Combinations of the foregoing are employed to implement various techniques described herein. Accordingly, software, hardware, or executable modules are implemented as one or more instructions and/or logic embodied on some form of computer-readable storage media and/or by one or more hardware elements 810. The computing device 802 is configured to implement instructions and/or functions corresponding to the software and/or hardware modules. Accordingly, implementation of a module that is executable by the computing device 802 as software is achieved at least partially in hardware, e.g., through use of computer-readable storage media and/or hardware elements 810 of the processing system 804. The instructions and/or functions are executable/operable by one or more articles of manufacture (for example, one or more computing devices 802 and/or processing systems 804) to implement techniques, modules, and examples described herein.

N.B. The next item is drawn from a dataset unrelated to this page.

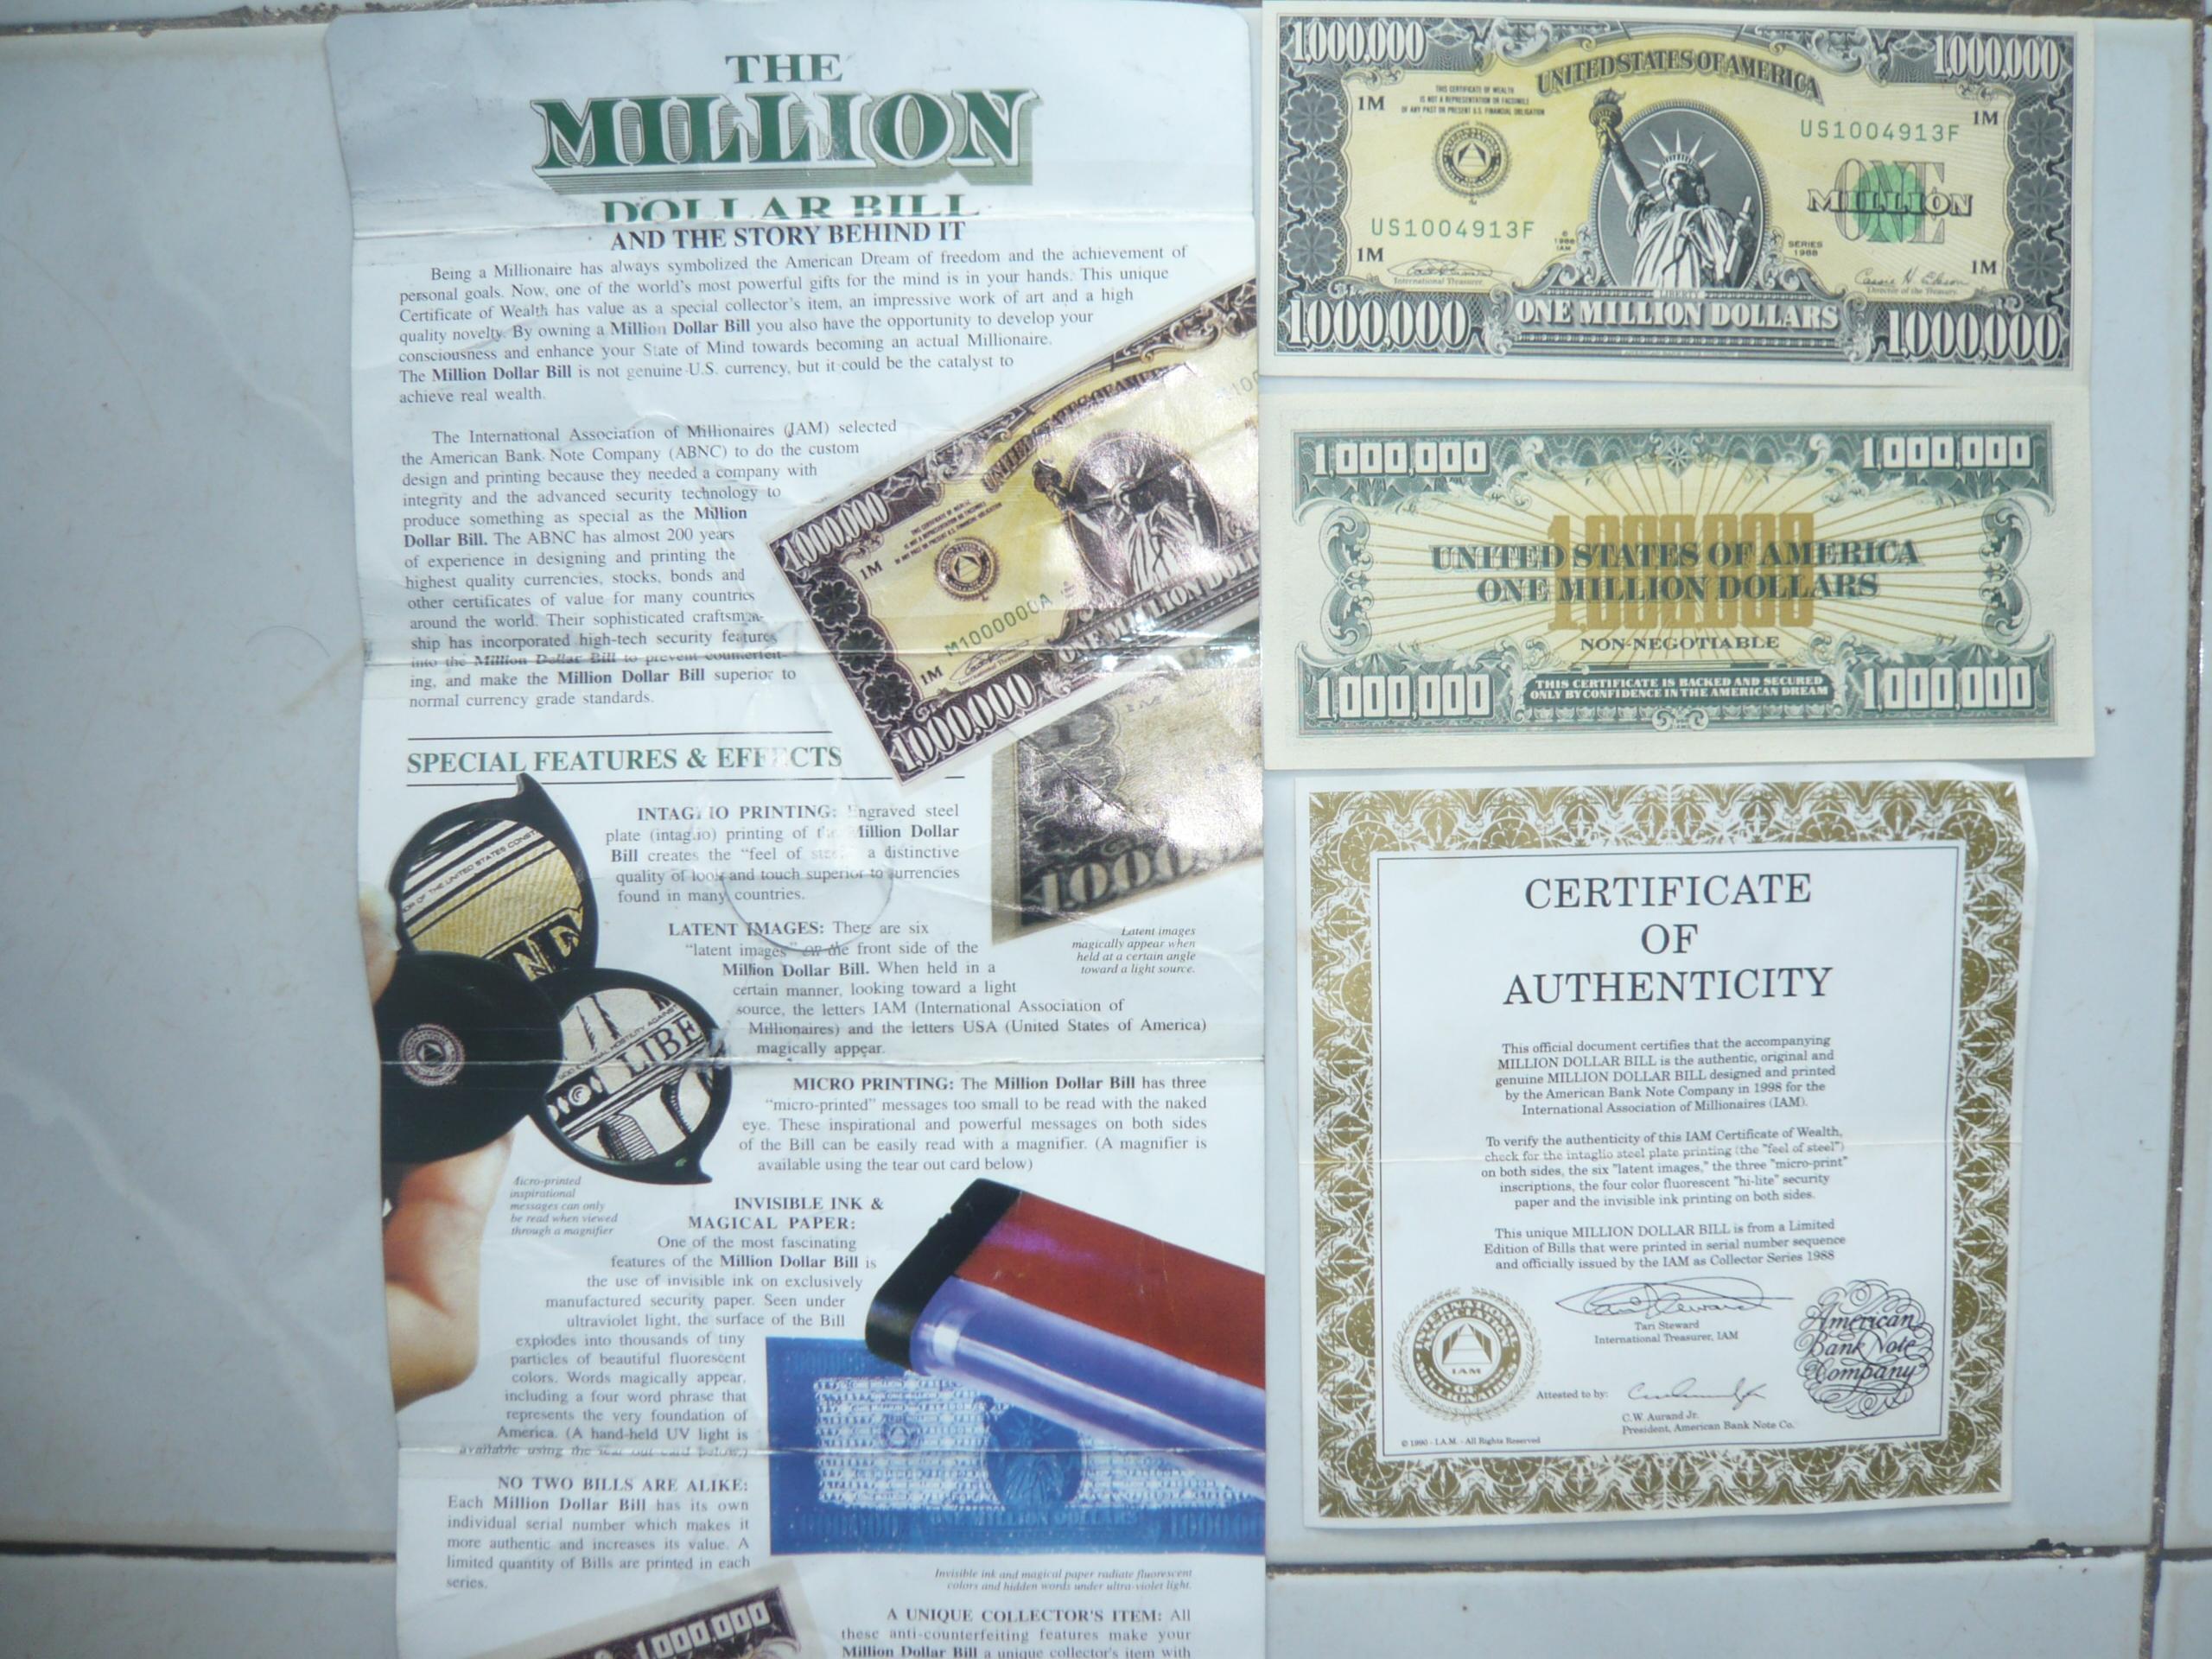 Uang 1 Juta Dollar Amerika Abu Dzakwan S Blog

The techniques described herein are supported by various configurations of the computing device 802 and are not limited to the specific examples of the techniques described herein. This functionality is further configured to be implemented all or in part through use of a distributed system, such as over a “cloud” 814 via a platform 816 as described below.
The cloud 814 includes and/or is representative of a platform 816 for resources 818. The platform 816 abstracts underlying functionality of hardware (e.g., servers) and software resources of the cloud 814. The resources 818 include applications and/or data that is utilized while computer processing is executed on servers that are remote from the computing device 802. Resources 818 also include services provided over the Internet and/or through a subscriber network, such as a cellular or Wi-Fi network.
The platform 816 is configured to abstract resources and functions to connect the computing device 802 with other computing devices. The platform 816 is further configured to abstract scaling of resources to provide a corresponding level of scale to encountered demand for the resources 818 that are implemented via the platform 816. Accordingly, in an interconnected device embodiment, implementation of functionality described herein is configured for distribution throughout the system 800. For example, in some configurations the functionality is implemented in part on the computing device 802 as well as via the platform 816 that abstracts the functionality of the cloud 814.
Although the invention has been described in language specific to structural features and/or methodological acts, the invention defined in the appended claims is not necessarily limited to the specific features or acts described. Rather, the specific features and acts are disclosed as example forms of implementing the claimed invention.